EXERCISE DETAILS:
Please transcribe, exactly, the line that contains "Masai people jumping Stock Photo" and every line after it to the end of the records, and nothing else.

GIVEN RECORDS:
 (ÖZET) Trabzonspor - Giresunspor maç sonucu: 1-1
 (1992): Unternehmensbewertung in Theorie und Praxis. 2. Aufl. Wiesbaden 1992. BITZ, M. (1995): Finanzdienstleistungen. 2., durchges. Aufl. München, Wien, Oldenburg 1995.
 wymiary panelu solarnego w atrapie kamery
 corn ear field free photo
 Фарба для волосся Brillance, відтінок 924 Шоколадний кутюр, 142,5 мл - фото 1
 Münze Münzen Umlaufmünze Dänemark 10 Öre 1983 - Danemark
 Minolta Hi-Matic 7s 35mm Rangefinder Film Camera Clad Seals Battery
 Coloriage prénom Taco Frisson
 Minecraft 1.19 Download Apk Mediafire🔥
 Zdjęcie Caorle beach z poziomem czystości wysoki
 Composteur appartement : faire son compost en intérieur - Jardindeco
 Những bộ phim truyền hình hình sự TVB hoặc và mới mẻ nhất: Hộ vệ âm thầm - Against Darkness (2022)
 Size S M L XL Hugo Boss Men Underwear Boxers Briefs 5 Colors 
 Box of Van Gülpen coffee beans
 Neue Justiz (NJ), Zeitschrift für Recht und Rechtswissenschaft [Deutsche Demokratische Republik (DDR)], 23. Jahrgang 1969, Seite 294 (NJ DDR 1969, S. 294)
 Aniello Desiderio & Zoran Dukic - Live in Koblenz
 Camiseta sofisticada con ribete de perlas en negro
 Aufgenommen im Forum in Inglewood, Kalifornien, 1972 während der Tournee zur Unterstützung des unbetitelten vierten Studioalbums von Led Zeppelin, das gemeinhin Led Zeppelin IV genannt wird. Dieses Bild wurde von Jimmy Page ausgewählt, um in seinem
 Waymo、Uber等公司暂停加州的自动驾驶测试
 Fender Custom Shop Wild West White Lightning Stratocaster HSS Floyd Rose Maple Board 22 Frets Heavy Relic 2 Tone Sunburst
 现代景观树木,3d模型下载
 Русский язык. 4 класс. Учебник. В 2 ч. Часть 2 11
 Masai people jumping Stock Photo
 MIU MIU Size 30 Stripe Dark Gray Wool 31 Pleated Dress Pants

EXERCISE RESPONSE:
 Masai people jumping Stock Photo
 MIU MIU Size 30 Stripe Dark Gray Wool 31 Pleated Dress Pants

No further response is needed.